19. Language / F. Communication / 3. Denial
We learn 'not' along with affirmation, by learning to either affirm or deny a sentence [Rumfitt]
     Full Idea: The standard view is that affirming not-A is more complex than affirming the atomic sentence A itself, with the latter determining its sense. But we could learn 'not' directly, by learning at once how to either affirm A or reject A.
     From: Ian Rumfitt ("Yes" and "No" [2000], IV)
     A reaction: [compressed] This seems fairly anti-Fregean in spirit, because it looks at the psychology of how we learn 'not' as a way of clarifying what we mean by it, rather than just looking at its logical behaviour (and thus giving it a secondary role).
26. Natural Theory / C. Causation / 3. Final causes
Power rules in efficient causes, but wisdom rules in connecting them to final causes [Leibniz]
     Full Idea: In all of nature efficient causes correspond to final causes, because everything proceeds from a cause which is not only powerful, but wise; and with the rule of power through efficient causes, there is involved the rule of wisdom through final causes.
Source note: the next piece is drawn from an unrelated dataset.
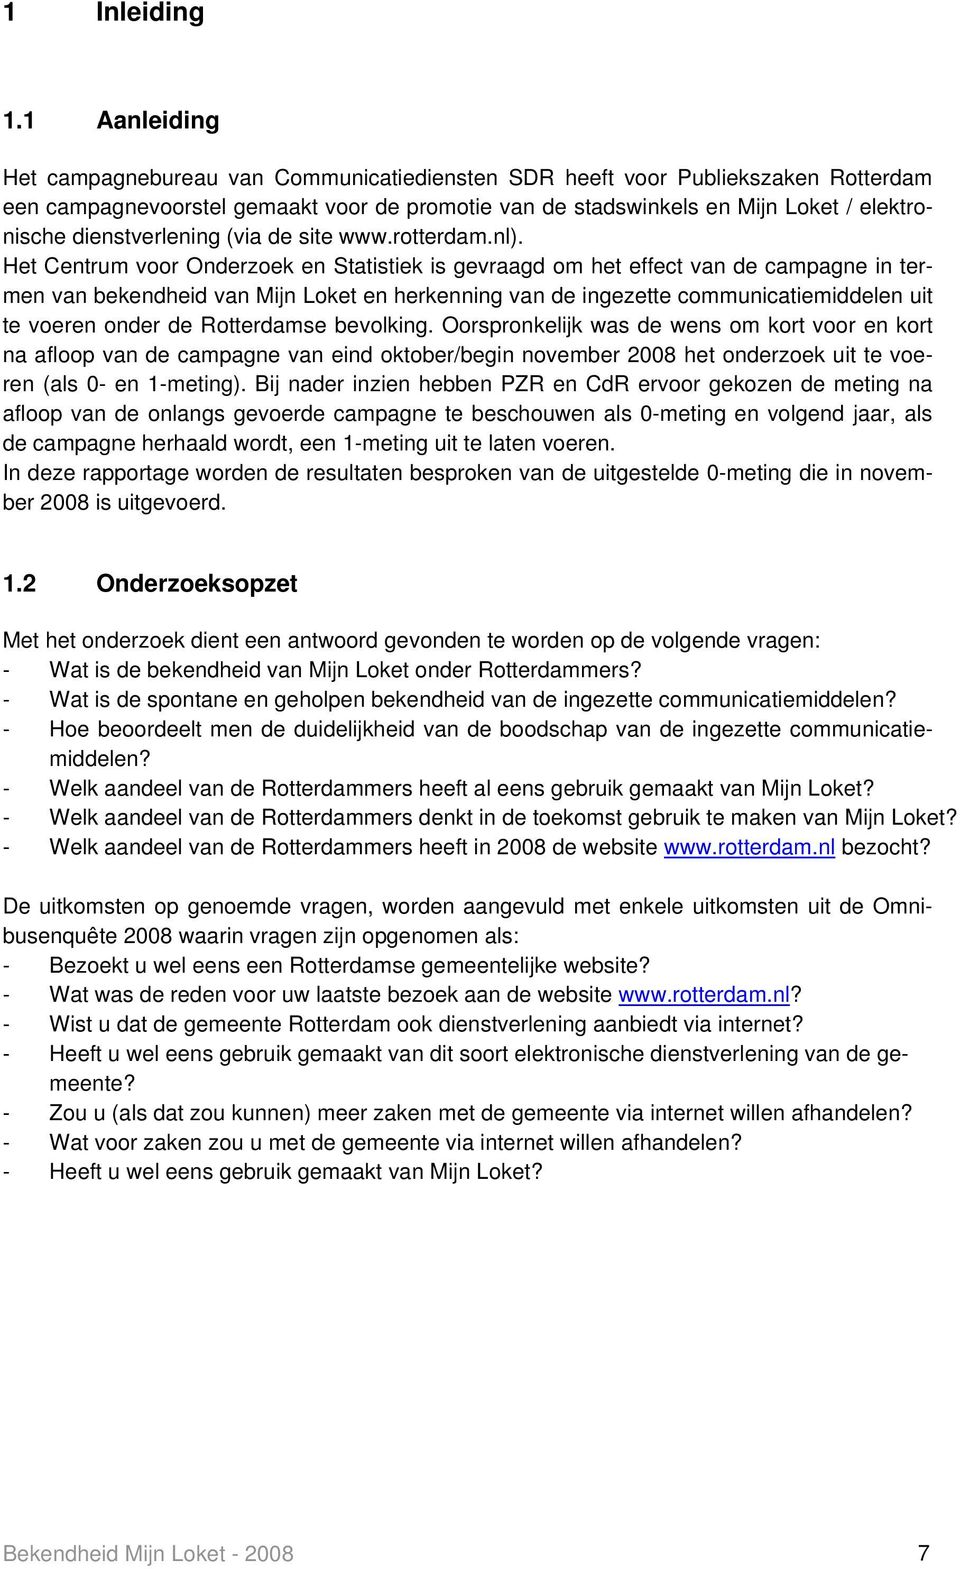 dienstverlening (via de site www.rotterdam.nl).
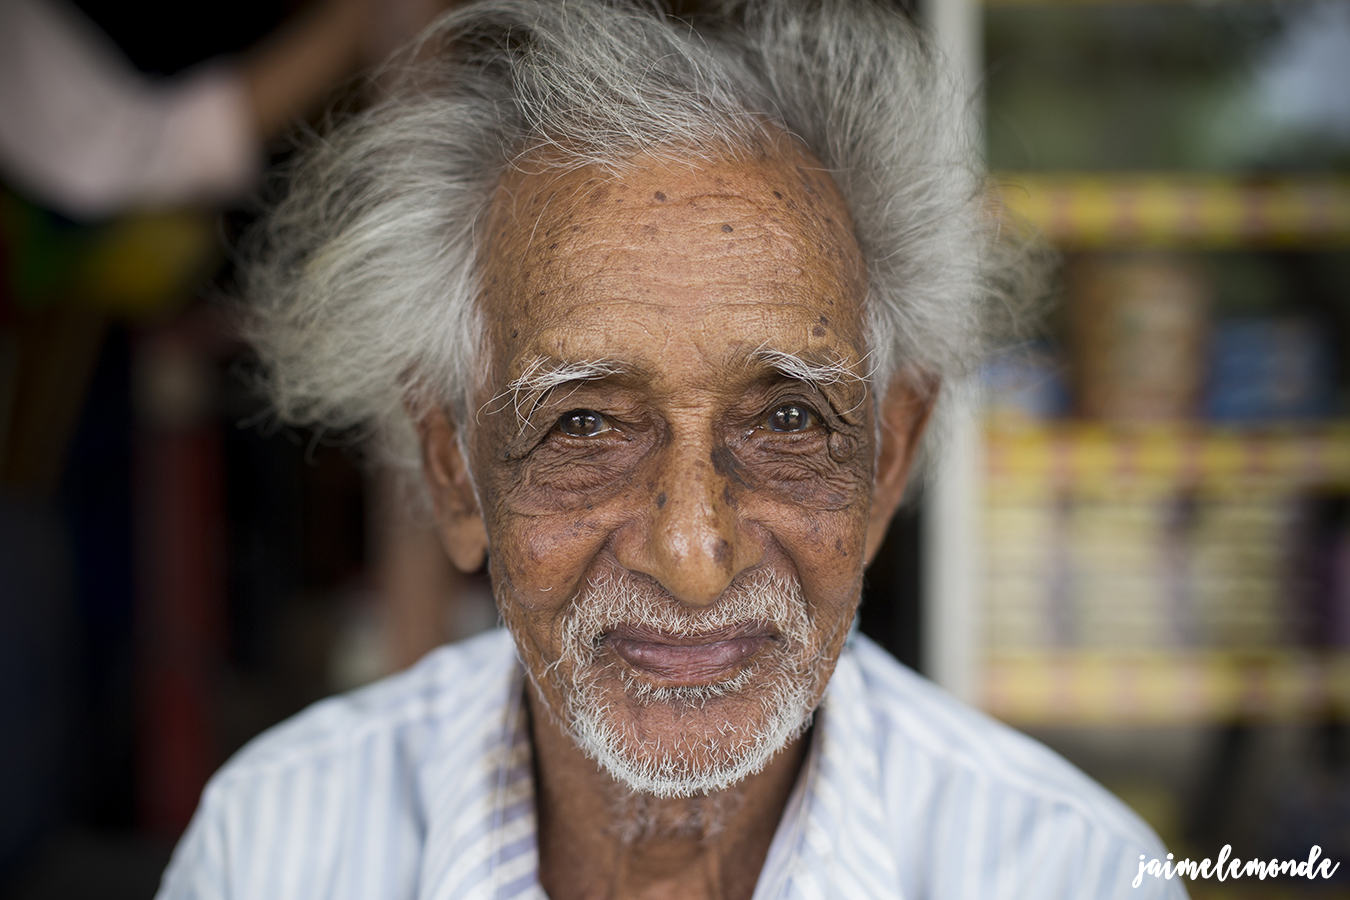 Portraits de voyage au Sri Lanka ©jaimelemonde (13)

     From: Gottfried Leibniz (Metaphysical conseqs of principle of reason [1712], §5)
     A reaction: Nowadays this carrot-and-stick view of causation is unfashionable, but I won't rule it out. The deepest 'why?' we can ask won't just go away. This unity by a divine mind strikes me as too simple, but Leibniz is right to try to unify Aristotelian causes.